2. Choose a good time

Don’t talk when the elderly are yelling at their children. You must find an appropriate time to communicate, such as: Choose a time when the elderly are in a good mood and tell them your true thoughts. At the same time, tell the elderly directly what impact the grandparents' actions will have on the children. I believe that as long as you tell the elderly calmly, it is for the sake of the children. Healthy and sensible elderly people can accept it. But here is a reminder: when communicating with the elderly, you must pay attention to the way and tone of speech.

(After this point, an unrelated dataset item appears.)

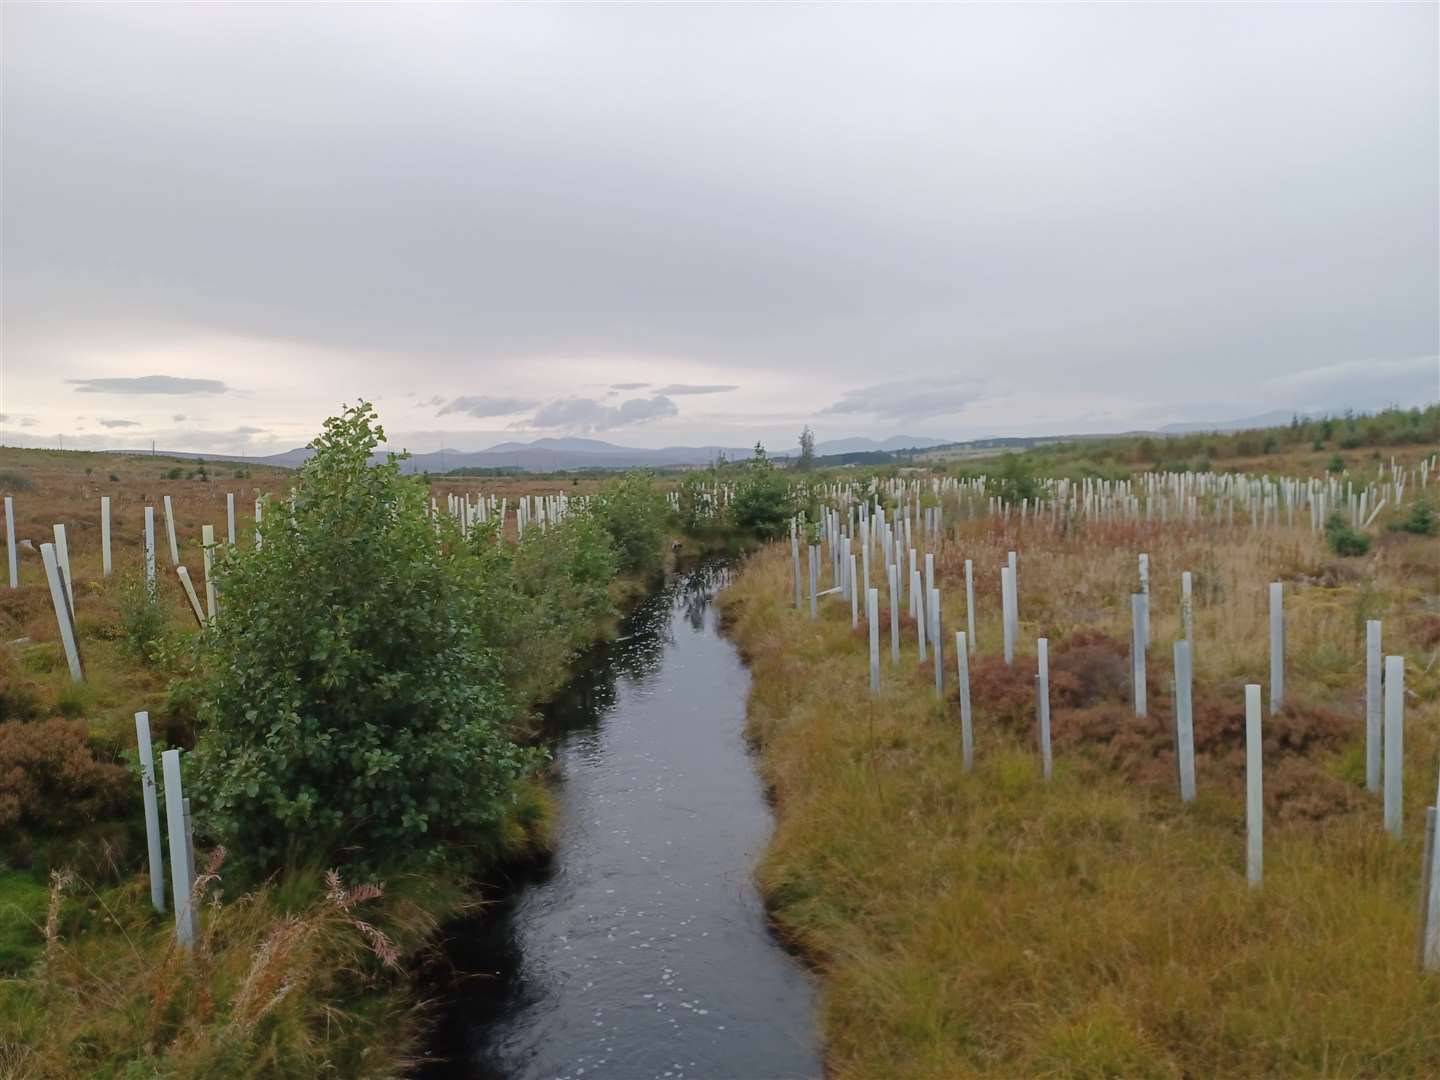 Foresters at Forestry and Land Scotland are now planting hundreds of hectares of new ‘riparian’ (riverside) woodlands, in all regions, but especially in the north of Scotland.

3. Find the right person to communicate with

Due to the influence of traditional thinking, the elderly sometimes misunderstand the words of their daughter-in-law. If they have scruples about talking to their mother-in-law in daily life, It is best not to communicate with the elderly yourself. You can leave the task to your husband and let him communicate with his parents. After all, the husband is their own child, and they all understand each other. The husband can say good or bad things in front of his parents, so the communication effect will probably be better who is the parent of the other. The mother-in-law always yells at the children 3

Talk to them about the truth. For such a young baby, excessive scolding will hurt the baby. When the baby engages in various dangerous behaviors or wrong practices, it is right for parents to stop them in time. The reprimand at this time is not only to prevent the baby from doing this, but also to let the baby remember that it is wrong to do so and will do so in the future. Don't do this. But at this time, the baby's brain is still developing, so he may not necessarily be able to remember the parents' words, but if this happens several times,

I'm afraid the baby will remember the parents' harsh tone and angry words. Face. Therefore, at this time, the parent's reprimand should only be able to stop the baby's behavior, but do not reprimand excessively. For babies, moderate praise is always better than scolding. Even adults like to be praised rather than scolded. For babies at this stage, they have not yet formed a sense of right and wrong. They do not know what is not allowed and what is right, so they will engage in various wrong behaviors.

When parents face their baby’s wrong behavior, they should not be too busy scolding them. They should first think about why the baby behaves like this and whether they are doing it while taking care of the baby. What was not done well. When the baby really does something wrong, or his behavior is very dangerous, parents should make their attitude clear when reprimanding them. They should let the baby understand that the parents are serious at this time, so that the baby will remember this in his heart. The thing you did was wrong and should not be done again.

In addition, for babies at this time, parents should not punish them too much. Excessive punishment will be stored in the baby's memory and have a negative impact on the baby's physical and mental development. When the baby makes a mistake, in addition to moderate scolding, parents can slap the baby's palm twice to let the baby remember that wrong behavior will bring punishment of palm slaps.